'''

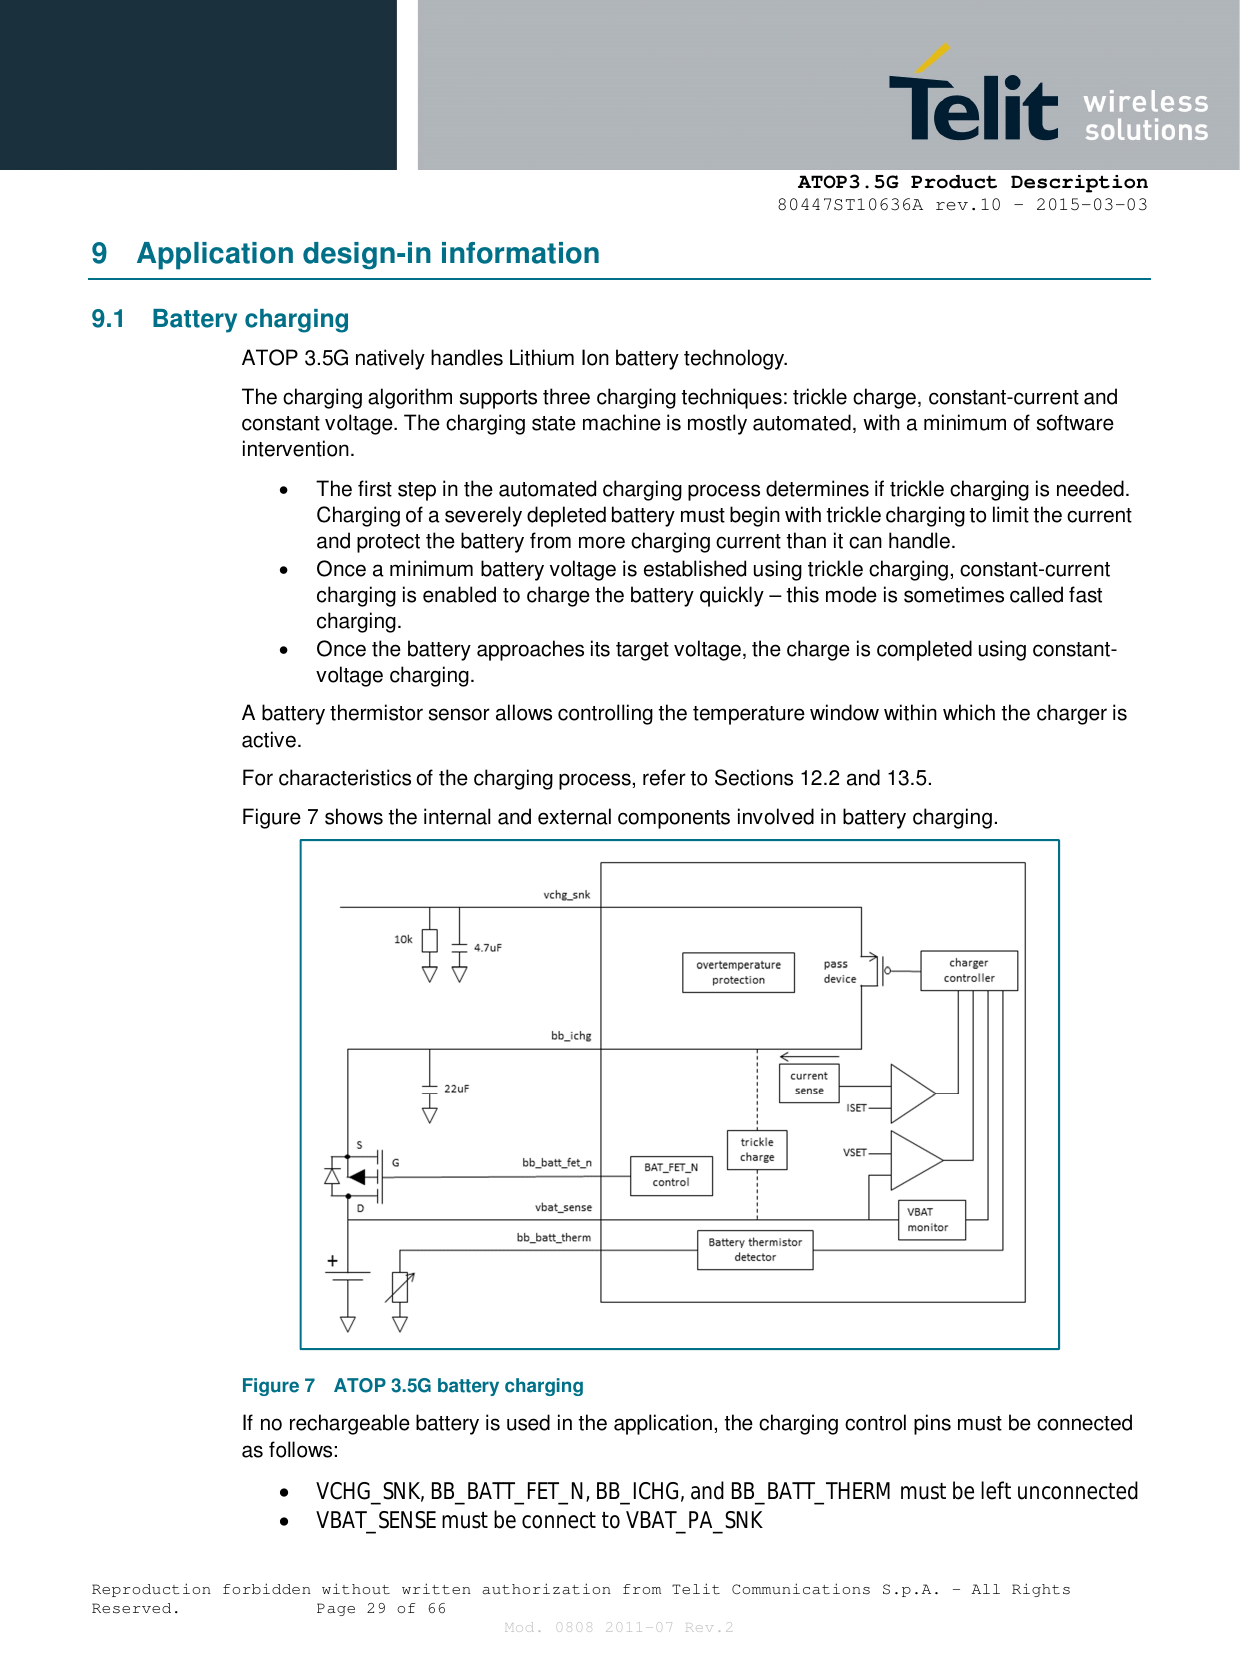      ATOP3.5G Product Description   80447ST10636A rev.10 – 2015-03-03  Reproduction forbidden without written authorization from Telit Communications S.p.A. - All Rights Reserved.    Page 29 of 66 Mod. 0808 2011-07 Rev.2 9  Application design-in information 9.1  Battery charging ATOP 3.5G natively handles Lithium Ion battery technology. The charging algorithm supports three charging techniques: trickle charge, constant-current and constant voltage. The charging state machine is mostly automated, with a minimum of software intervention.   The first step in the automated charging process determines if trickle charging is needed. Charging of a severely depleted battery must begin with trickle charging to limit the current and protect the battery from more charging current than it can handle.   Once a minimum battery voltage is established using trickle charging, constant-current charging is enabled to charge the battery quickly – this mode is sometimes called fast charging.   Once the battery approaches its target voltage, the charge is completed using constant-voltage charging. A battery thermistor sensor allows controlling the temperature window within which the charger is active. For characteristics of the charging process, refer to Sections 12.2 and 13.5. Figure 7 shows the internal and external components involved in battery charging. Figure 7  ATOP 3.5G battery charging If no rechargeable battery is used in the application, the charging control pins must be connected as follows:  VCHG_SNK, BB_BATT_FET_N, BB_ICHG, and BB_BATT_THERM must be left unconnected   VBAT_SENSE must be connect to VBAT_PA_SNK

'''
'''

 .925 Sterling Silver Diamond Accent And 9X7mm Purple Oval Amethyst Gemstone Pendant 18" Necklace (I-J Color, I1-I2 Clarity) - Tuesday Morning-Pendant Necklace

'''
'''

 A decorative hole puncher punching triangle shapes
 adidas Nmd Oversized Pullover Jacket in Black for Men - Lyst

'''

What the task asks:
Starting at the line above that holds "A decorative hole" and ending at the line that holds "adidas Nmd Oversized", transcribe each line exactly and include no other lines.

Problem solution:
 A decorative hole puncher punching triangle shapes
 adidas Nmd Oversized Pullover Jacket in Black for Men - Lyst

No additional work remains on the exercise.